Data-Driven is a Team Sport

The biggest obstacles to creating data-driven businesses aren’t technical; they’re cultural.

Being data-driven is not about data, it’s about business. So, it makes all sense that is should be business leading the process.

One of the biggest obstacles for successful digital transformation processes is the lack of involvement from the business.

The preconception that data initiatives should be in the hand of data people is still prevalent in most organizations, everyone else tends to be seen as part of the problem never the solution, either because they’re not up to date, unprepared to handle data or even resisting to any changes.

Experience tells us exactly the opposite.

Most people are fully aware of the importance of data, and more importantly how data impacts their daily activities and processes, and how it impacts business.

The shift of mindset must first start on the management teams that need to start seeing people on the business side as a critical element in their data strategy.

Asking people on the business side where they the opportunities to use data to improve their processes and work has usually a beneficial effect by identifying critical pain points where data can make the difference. Starting with business areas than can clearly identify and measure the business impact of bad data on their processes - In every organization the opportunities to identify these cases are abundant. Across all the business areas there are pain points related with the quality of data and identifying them is not a challenge.

New sales reports are unreliable? Loan yield vs. risk rating indicators are inaccurate? AML processes are returning too much false positives? Customer segmentation is imprecise? Customer satisfaction scores are sketchy? All of these are probably data related issues, although sometimes they can be process related, but who better to identify them that people that have to handle these issues on a daily basis.

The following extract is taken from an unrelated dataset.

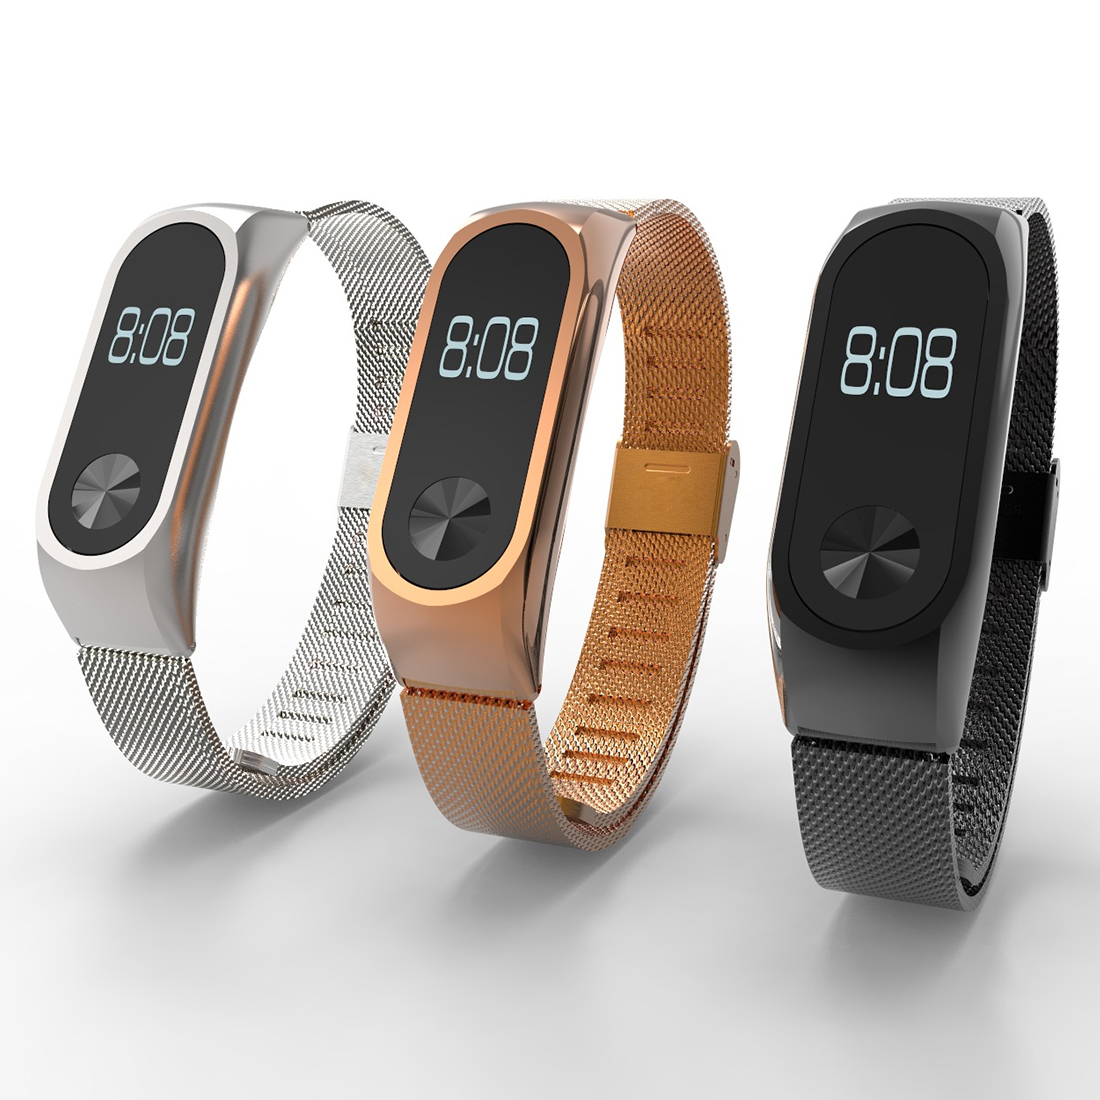 New Fashion High Quality Watch Strap for Xiaomi Mi Band 2 Straps Bracelet for Mi Band 2 Band Miband 2 Wrist Strap Belt
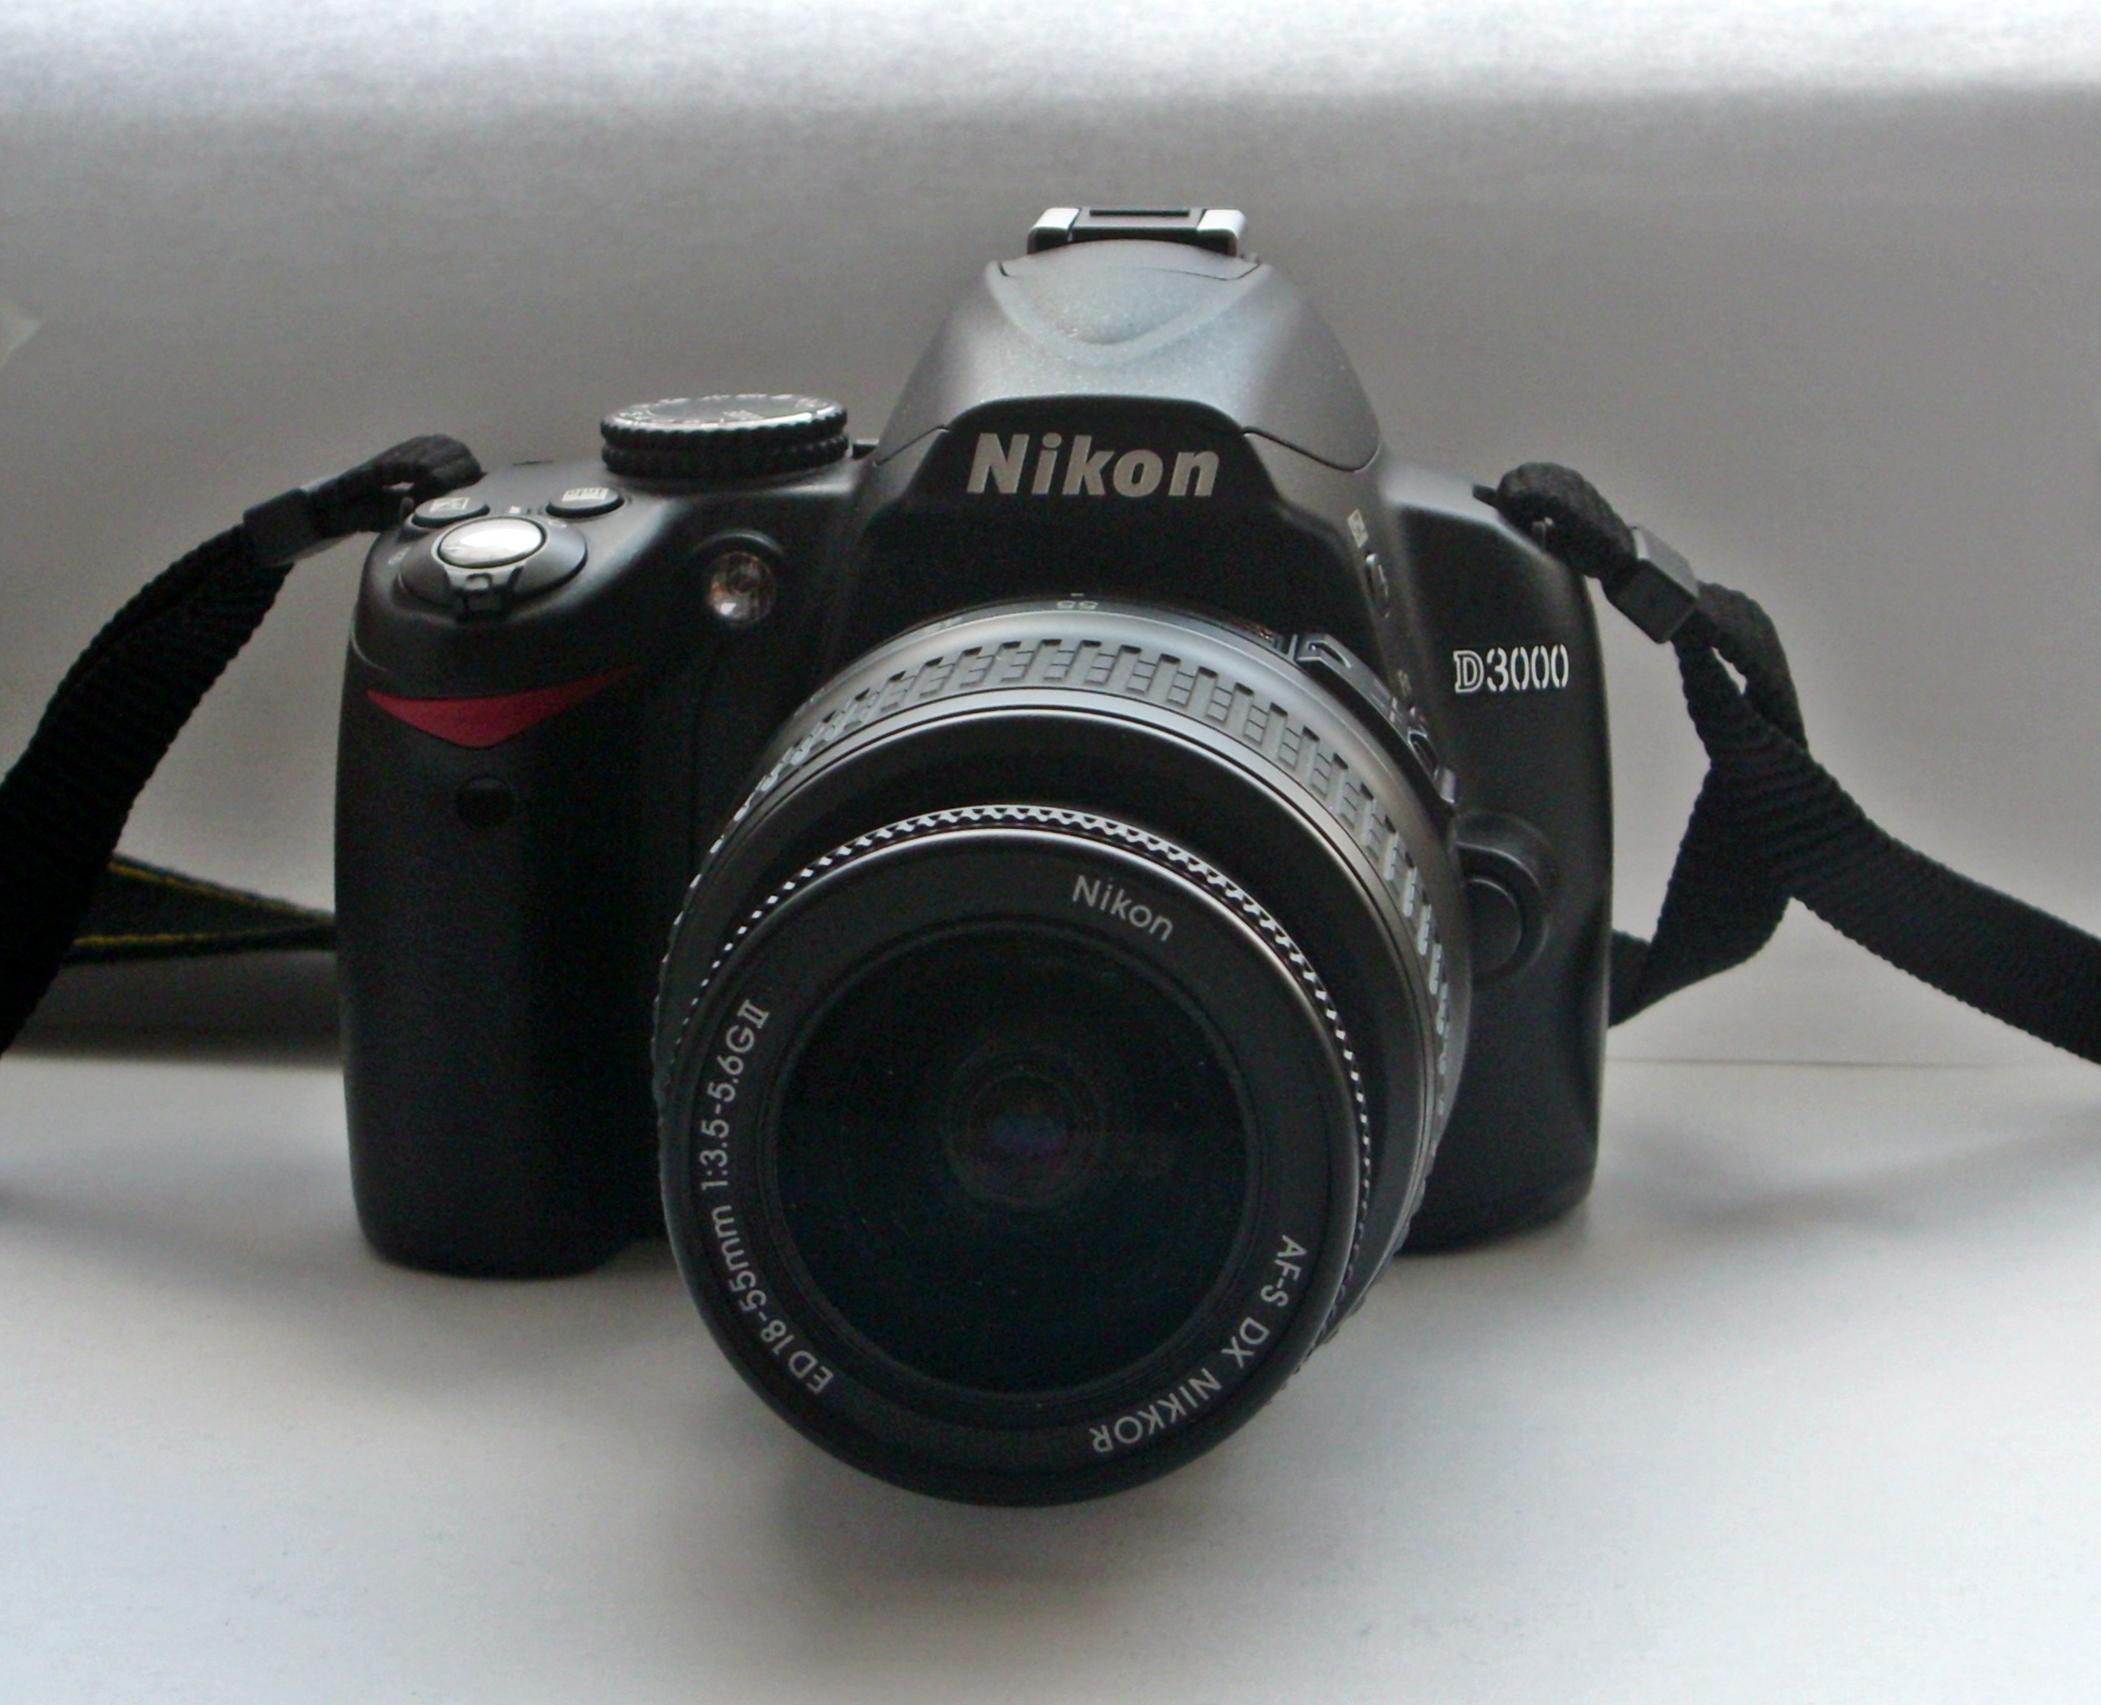 Zoom Nikon D3000 Nikon D3000 With Lens 18-55mm

As data teams thrive to gain their space and visibility within organizations, some of the resistance ends up coming from their side, generating a tendency to exclude everyone outside the “data space” from their initiatives. Shifting this approach to building the business cases with those willing to defend it. – Those who feel those impacts directly. Once a critical pain point is identified, you’ll have a business stakeholder that can passionately and effectively articulate the impacts of poor data quality in their processes and that will be eager to defend the project.

It is simple enough to describe how to inject data into a decision-making process. It is far harder to make this normal, even automatic, for employees — a shift in mindset that presents the true challenge.

Developing a robust data-driven business strategy, and simultaneously a business-driven data strategy that involves everyone in the organization - business leaders must adopt a strategic approach and fully commit to realizing the value of their data assets and to generate business value.

Project graveyards are cluttered with failed data initiatives that did not deliver clear ROI. With a strong leadership and business focus, data initiatives will pay for themselves by adding real ROI to business initiatives.

In a data-driven economy, CEOs and executive leadership must promote the organizations’ data strategy into the business and out of the technology context, as any other corporate asset data’s purpose is to create business value, so any data strategy must be oriented towards the organization's strategic priorities and key business objectives.

Those business objectives must drive the development of the data strategy, focusing on use cases that support business objectives, creating traction and increasing the awareness across the organization and will end-up acting as the motor from within the organization for a successful transformation.

Data must be understood as a fundamental part of business, not a set of technological projects. The development of the data strategy cannot depend on the limited resources and throughput of the data teams.

Business users must be enabled to a data driven approach where they can improve and control the quality of data and address and mitigate problems.